Abstract:
Typical methods for stable immobilization of proteins often involve time-consuming surface modification of silicon-based materials to enable specific binding, while the nonspecific adsorption method is faster but usually unstable. Herein, we fused a silica-binding protein, Si-tag, to target proteins so that the target proteins could attach directly to silica substrates in a single step, markedly streamlining the immobilization process.

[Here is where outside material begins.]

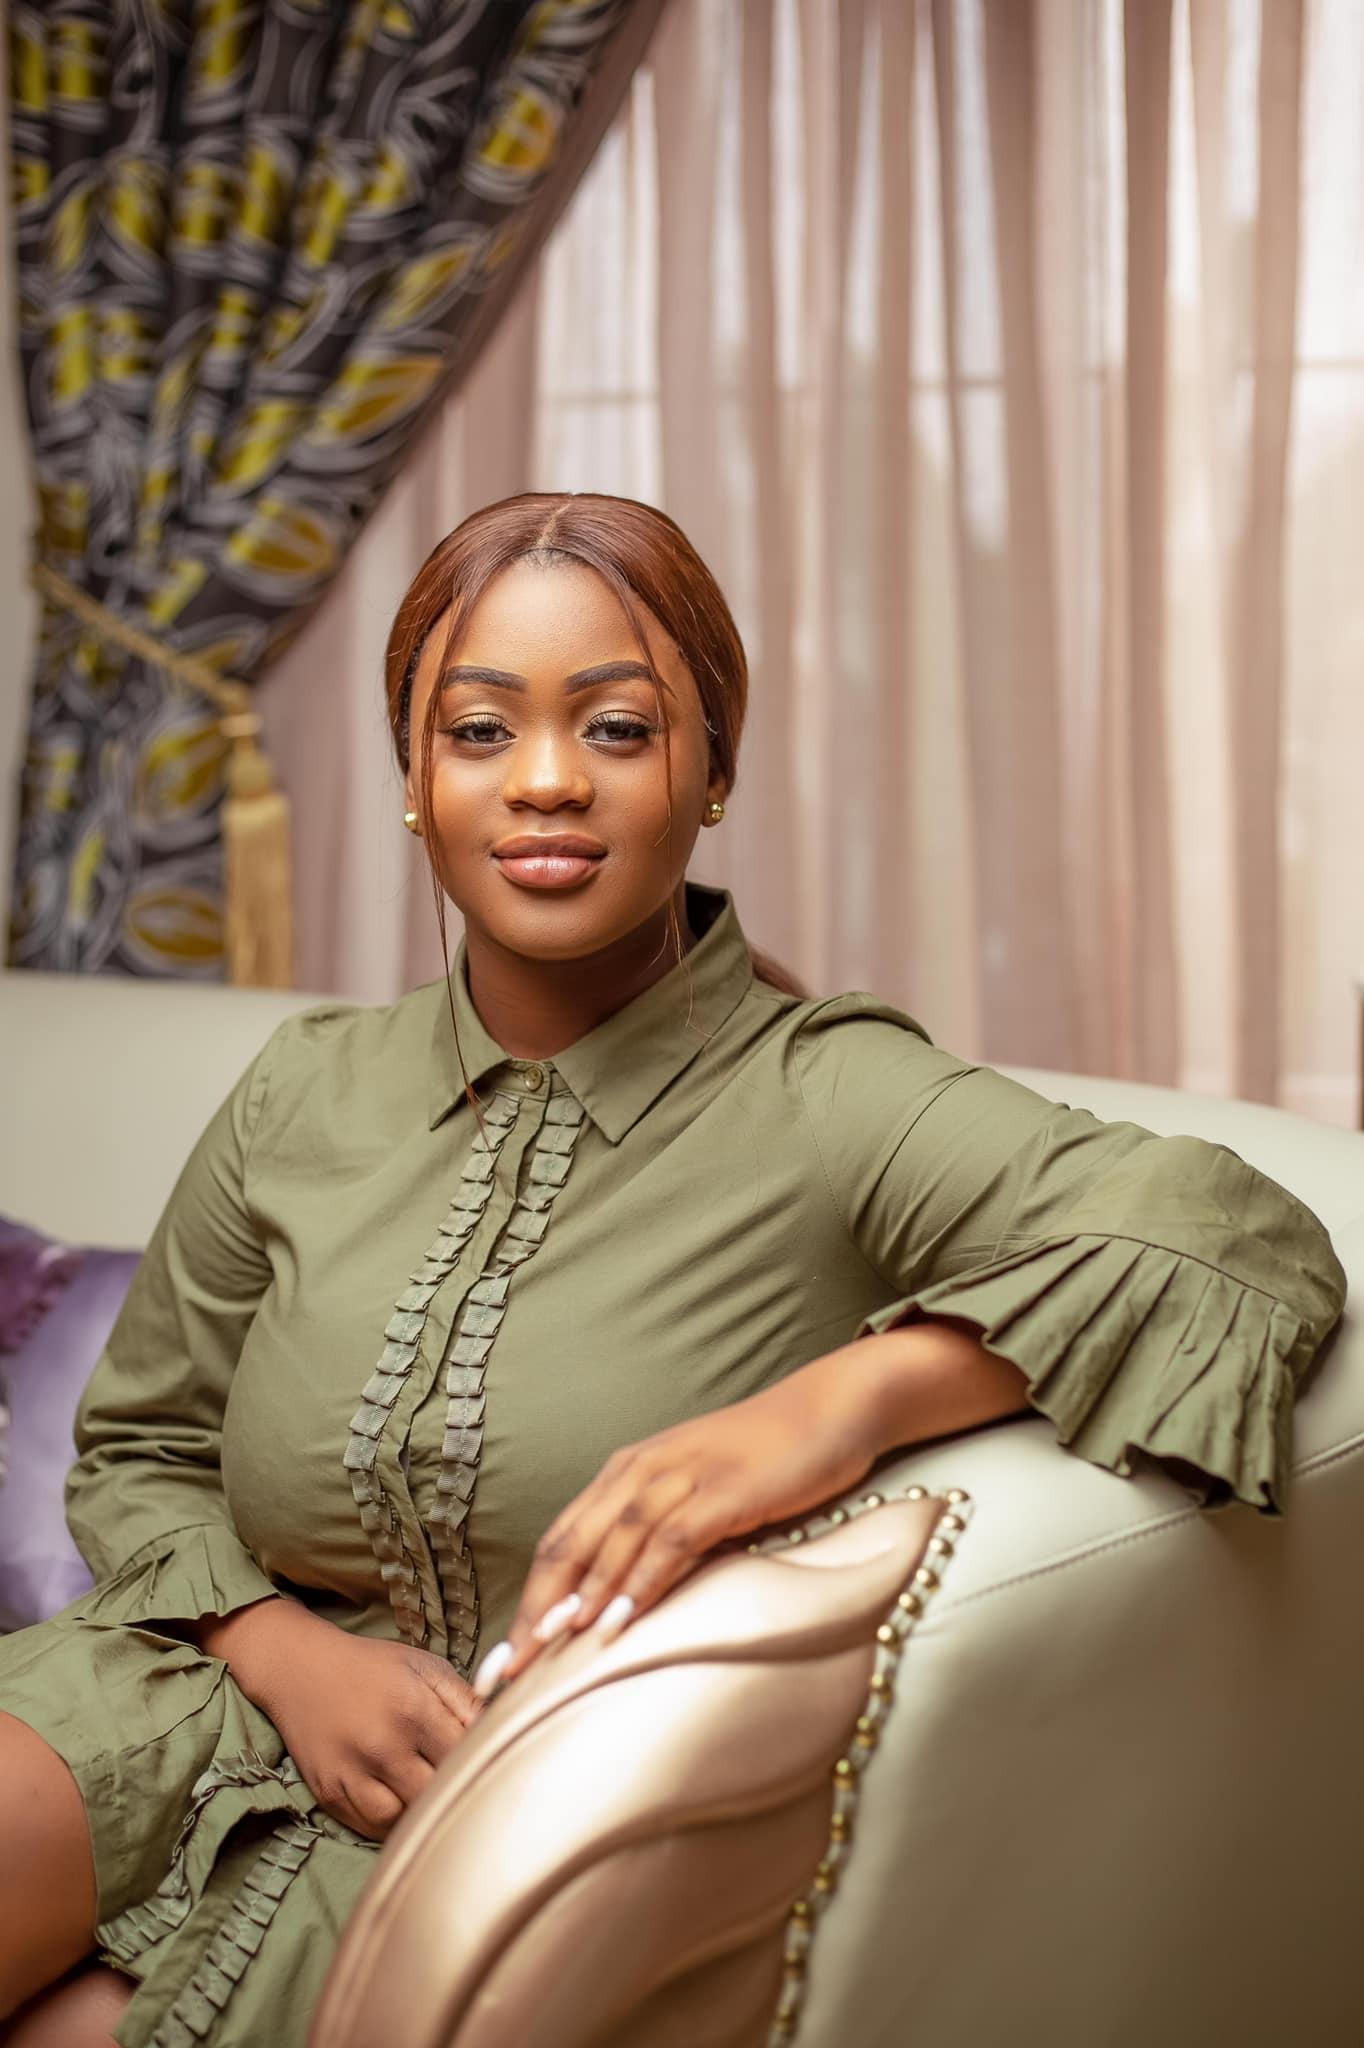 Meet former President Mahama's all grown daughter, Farida Mahama who is  stealing the show on social media | Pulse Ghana

The adhesion force between the Si-tag and glass substrates was determined to be approximately 400-600 pN at the single-molecule level by atomic force microscopy, which is greater than the unfolding force of most proteins. The adhesion force of the Si-tag exhibits a slight increase when pulled from the C-terminus compared to that from the N-terminus. Furthermore, the Si-tag\'s adhesion force on a glass surface is marginally higher than that on a silicon nitride probe. The binding properties of the Si-tag are not obviously affected by environmental factors, including pH, salt concentration, and temperature. In addition, the macroscopic adhesion force between the Si-tag-coated hydrogel and glass substrates was ∼40 times higher than that of unmodified hydrogels. Therefore, the Si-tag, with its strong silica substrate binding ability, provides a useful tool as an excellent fusion tag for the rapid and mechanically robust immobilization of proteins on silica and for the surface coating of silica-binding materials.
摘要:
稳定固定蛋白质的典型方法通常涉及对硅基材料进行耗时的表面修饰,以实现特异性结合,而非特异性吸附方法速度更快,但通常不稳定。在这里,我们融合了二氧化硅结合蛋白,Si-tag,目标蛋白,以便目标蛋白可以在单个步骤中直接附着到二氧化硅底物上,显着简化固定过程。通过原子力显微镜确定,在单分子水平上,Si标签和玻璃基板之间的粘附力约为400-600pN。大于大多数蛋白质的展开力。当从C-末端拉时,与从N-末端拉时相比,Si-标签的粘附力显示出轻微的增加。此外,硅标签在玻璃表面上的粘附力略高于氮化硅探针上的粘附力。Si-tag的结合特性受环境因素的影响不明显,包括pH值,盐浓度,和温度。此外,Si-tag涂层水凝胶与玻璃基材之间的宏观粘合力比未改性水凝胶高40倍。因此,Si标签,以其强大的二氧化硅基质结合能力,提供了一种有用的工具,可作为出色的融合标签,用于将蛋白质快速且机械坚固地固定在二氧化硅上以及用于二氧化硅结合材料的表面涂层。